Sunday, November 6, 2011

Milton Friedman on Nominal Income

Lars Christensen has an excellent post discussing Milton Friedman's A Monetary Theory of Nominal Income. Christensen quotes from Friedman:

In … "A Theoretical Framework for Monetary Analysis," I outlined a simple model of six equations in seven variables that was consistent with both the quantity theory of money and the Keynesian income-expenditure theory…The difference between the two theories is in the missing equation the quantity theory adds an equation stating that real income is determined outside the system (the assumption of "full employment"); the income-expenditure theory adds an equation stating that the price level is determined outside the system (the assumption of price or wage rigidity)…The present addendum to my earlier paper suggests a third way to supply the missing equation.
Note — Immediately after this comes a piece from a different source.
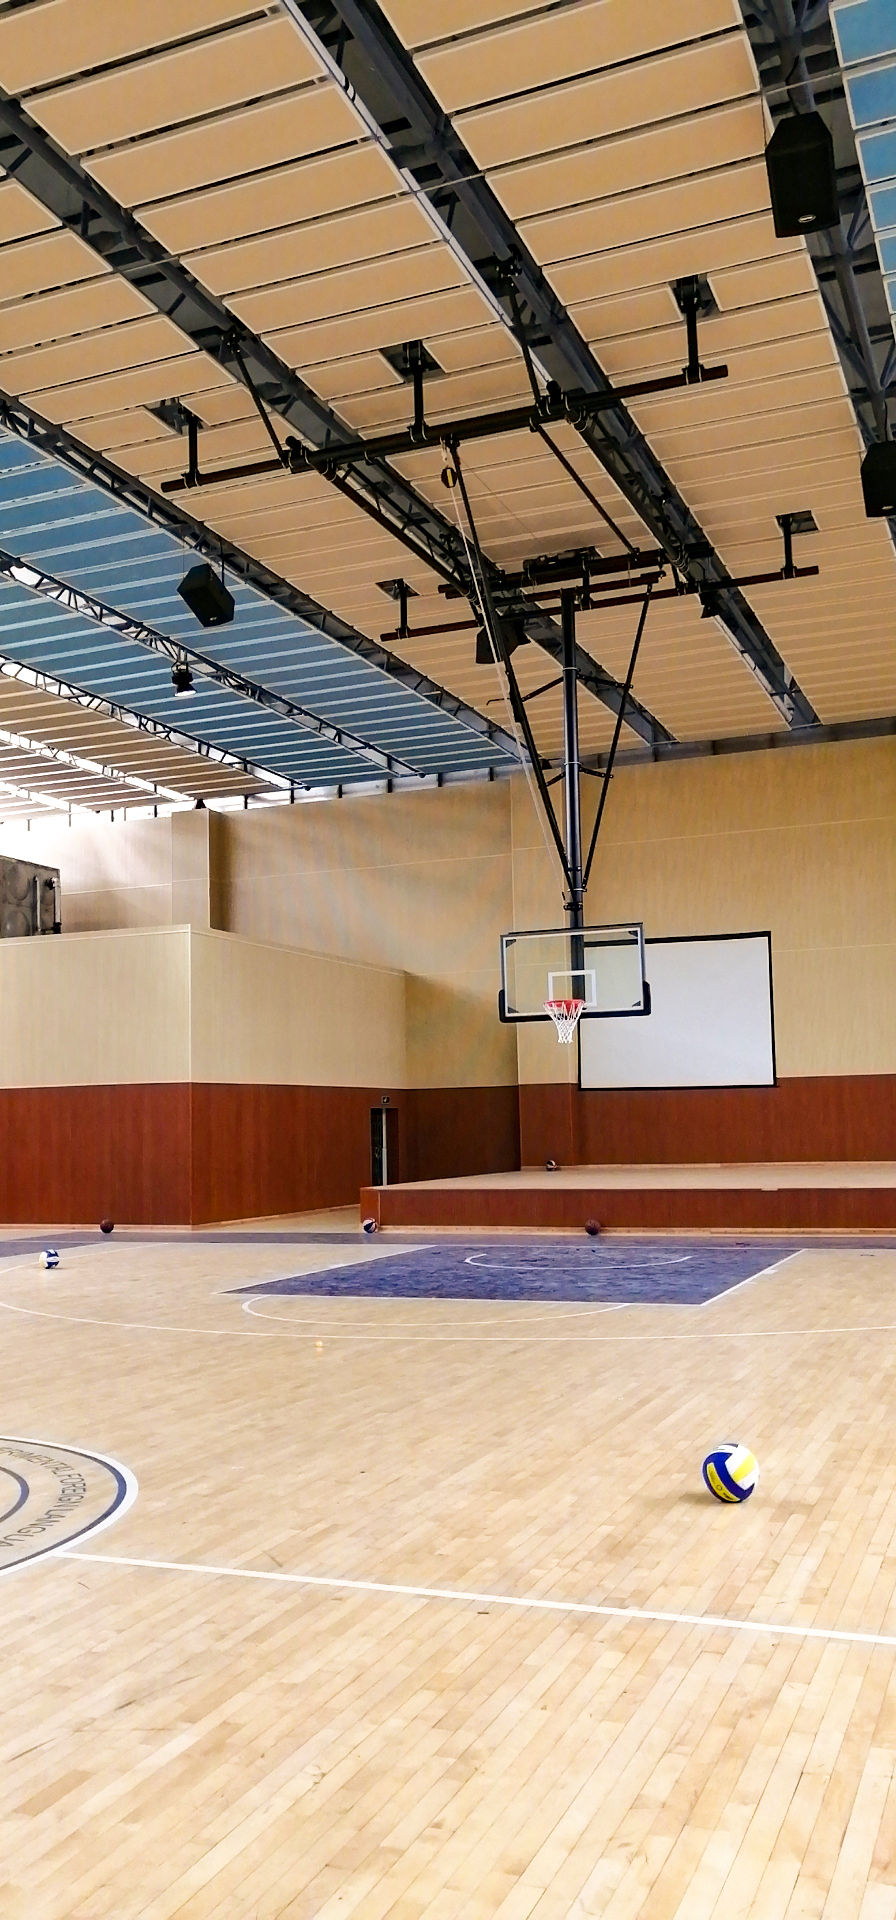 四川省成都市实验外国语学校附属小学体育馆电动悬空篮球架k3107

This third way involves bypassing the breakdown of nominal income between real income and prices and using the quant ity theory to derive a theory of nominal income rather than a theory of either prices or real income.

In my view, "the Phillips curve" is not a theory of how prices influence output or output influences prices, but rather how nominal income influences output and prices. Generally, it is output and prices together in the short run, and then prices only in the long run.

There is nothing unusual about that approach, and having money determine output in period t+1 and then inflation in period t+2 seems like a simple way to illustrate this concept. Of course, if the model shows that a situation where nominal income remains unchanged (or on a constant growth path,) so that there are no fluctuations in nominal income, the process by which the short run/long run relationship is modeled generates fluctuations in real output and prices, simply shows that the model is flawed.


2 comments:

  1. Milton Friedman thought in a consistent manner---it is not surprising that he is an ur-Market Monetarist.

    Reading Friedman on Japan, or how to fund military build-ups (through progressive consumption taxes), is a reminder that Friedman was a slave not to ossified partisan shibboleths, but non-partisan consistent thinking. He disliked the homeowner mortgage interest tax deduction, for example.

    It is too bad Friedman is not with us. He would provide the iconic support that Market Monetarism needs to capture the Fed.